Have you had an experience that changed your mind totally and completely about how you live your life? A moment of insight in which what was previously shrouded and fuzzy becomes clearly focused?
You could call such moments 'conversion experiences', and I know from my own experience, that they can be very powerful. After you wonder, "How did I not see this before?" You are a new person.
Such moments are usually associated with religion, but this concept of radical change can be applied to many things, perhaps to learning in general. I am particularly interested in examples in which such moments lead a person away from participation in a consumer lifestyle toward a more simple life.
To suddenly change one’s mind changes how everything looks. It is a voluntarily shift in the basic beliefs upon which one's life is understood. The fact that such abrupt and total transformations are possible is very encouraging. There may be hope for us yet.
But such conversions are not always supernovas of change. Often they are tiny fireflies of energy that push us in a particular direction. Everyone has the capacity for both, if you are open to such things and allow them to work their magic.
One such moment that I have personally experienced is hard to label as a total and sudden change, or something more gradual. All I know is that at the time it felt like a probe directly to my brain. It happened a couple of decades ago, and I still think of it today.
I had been canoeing and fishing with Linda on a pristine mountain lake in the Rockies. While on the water I caught a large silver-sided rainbow trout.

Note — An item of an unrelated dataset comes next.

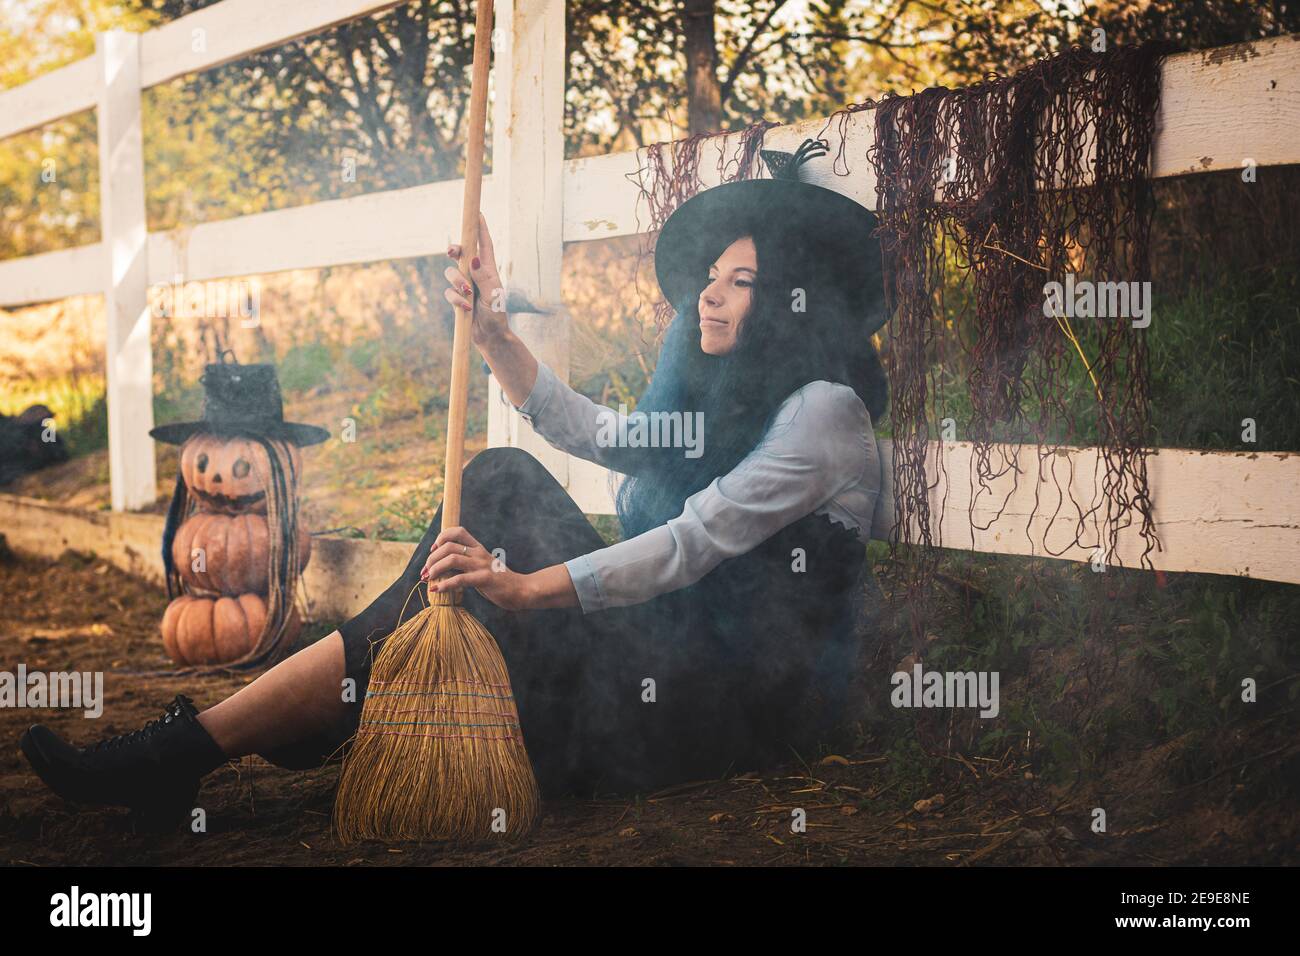 Die Hexe Sitzt Am Zaun Auf Dem Hof Und Bläst Den Rauch Mit Einem Besen Stockfotografie Alamy 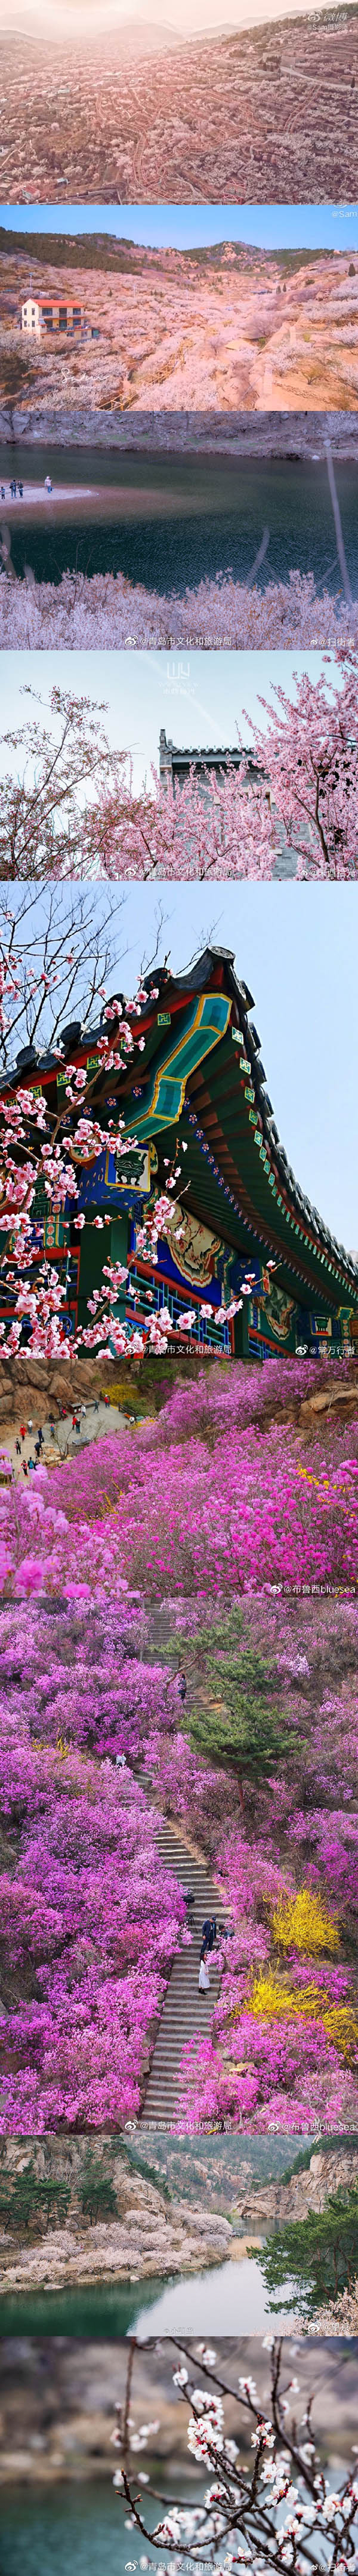 春到来！中国各地の文化・観光局が咲き乱れる花の画像を一斉にアップ

Later we were transferring our canoe, gear, and my catch back to our van.
We were standing by our vehicle. I was putting the fish into our cooler when a man walked up, staring at the big trout. I looked up at him.
"You killed that beautiful fish", he said.
Then just as quickly as he had appeared he moved on, leaving me to ponder his statement. Fishing has never been the same since.
While I didn't feel an immediate change, that one brief moment in time came to transform how I feel about fishing, consuming fish, and ultimately about life itself. Call it a conversion moment, or an ah-ha experience, but whatever it is, I see these moments as opportunities to alter life for the better.
They are little gifts from the Universe.
Have you had a simple living conversion moment that has resonated with you, and that you just can't forget?
For me when I watched the movie "Noah" in 2014. Life is not the same since then - for good :).
ReplyDeleteI'll watch it and see what happens.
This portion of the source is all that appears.